Centripetal motion problem

1. Nov 2, 2005

BrimmZERO

"A mass of 3.900 kg is suspended from a 1.450 m long string. It revolves in a horizontal circle.
The tangential speed of the mass is 3.247 m/s. Calculate the angle between the string and the vertical (in degrees)."

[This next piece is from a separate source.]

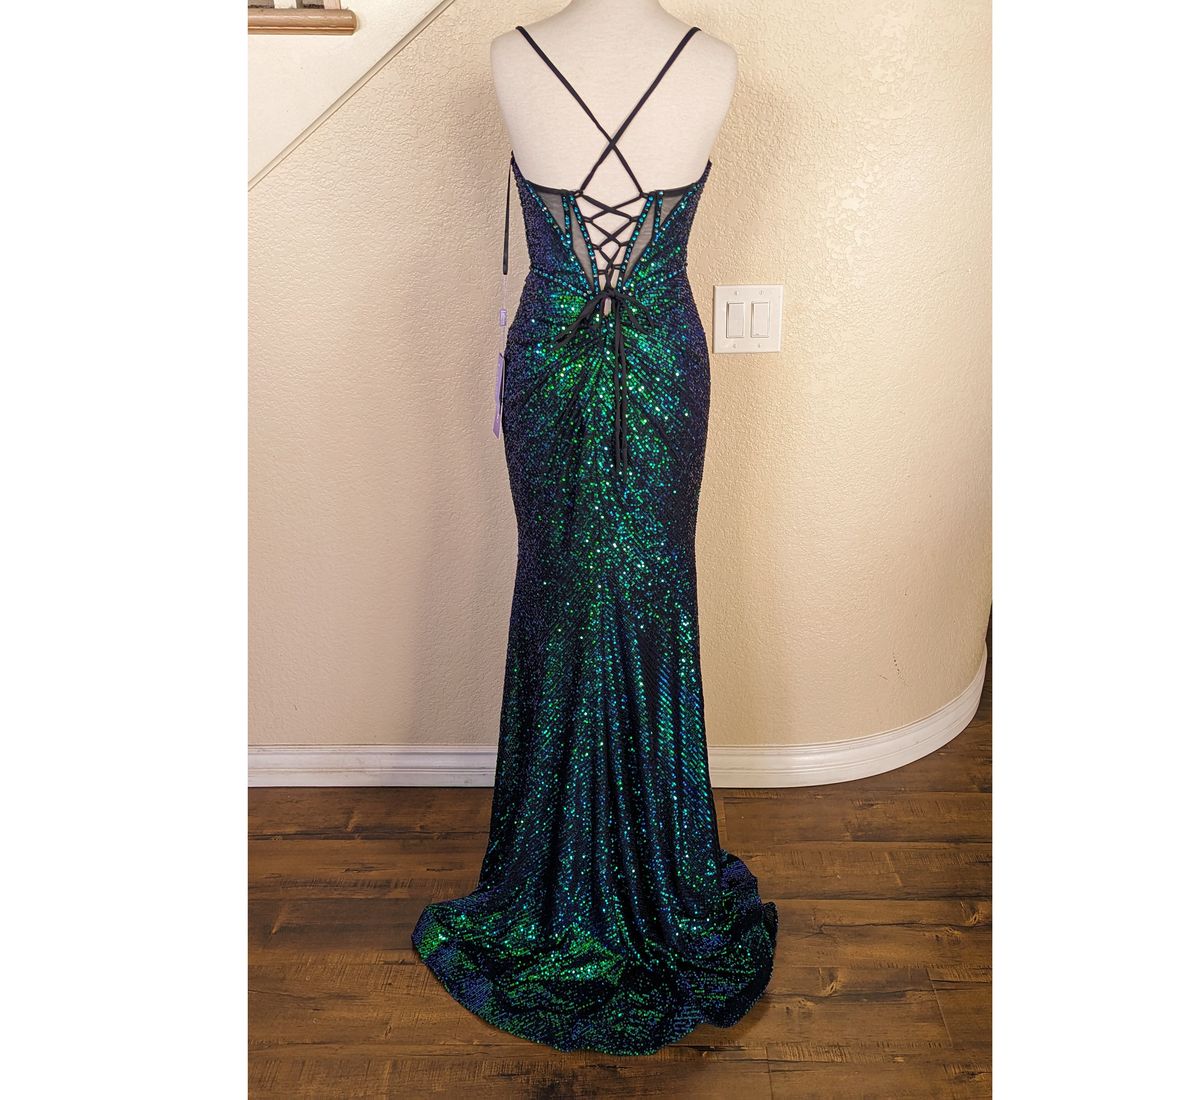 Style Green & Teal Blue Sequined Corset Formal Prom Homecoming Dress  Size 6 Prom Plunge Sheer Emerald Green Side Slit Dress on Queenly

Here is a diagram, labelling angle theta I'm supposed to solve for: http://capaserv.physics.mun.ca/msuphysicslib/Graphics/Gtype11/prob03_pendulum.gif

I've deduced so far that: sin(theta) = opp/hyp

In this case, opp = radius and hyp = length of string (L) or (1.450 m)

So sin(theta) = r/L

In turn, r can be solved by means of Fc = mv^2/r, as r = mv^2/Fc

so sin(theta) = mv^2/FcL

M is given, V is given, and L is given. Fc I'm sort of puzzled on, since I can't use the MV^2/R equation again. Any clues?

Last edited by a moderator: Apr 21, 2017
2. Nov 2, 2005

Staff: Mentor

Hint: What provides the centripetal force?
Hint: Consider both vertical and horizontal forces acting on the mass.

3. Nov 2, 2005

BrimmZERO

Okay, I think I'm getting somewhere. Would it be right to say the Fc is equal to the x-factor of the weight of the mass on the string? I could say this therefore:

Fc = mgsin(theta)

and then

sin(theta) = mv^2/mgsin(theta)L

which would cancel mass, giving me:

sin(theta) = v^2/gsin(theta)L

would that be right? or is mass even significant in this problem?

4. Nov 3, 2005

Staff: Mentor

Not right. For one thing, the weight of the mass acts down--it has no horizontal component.

Try this: Identify all the forces acting on the mass. (There are two forces.) Then consider horizontal and vertical components.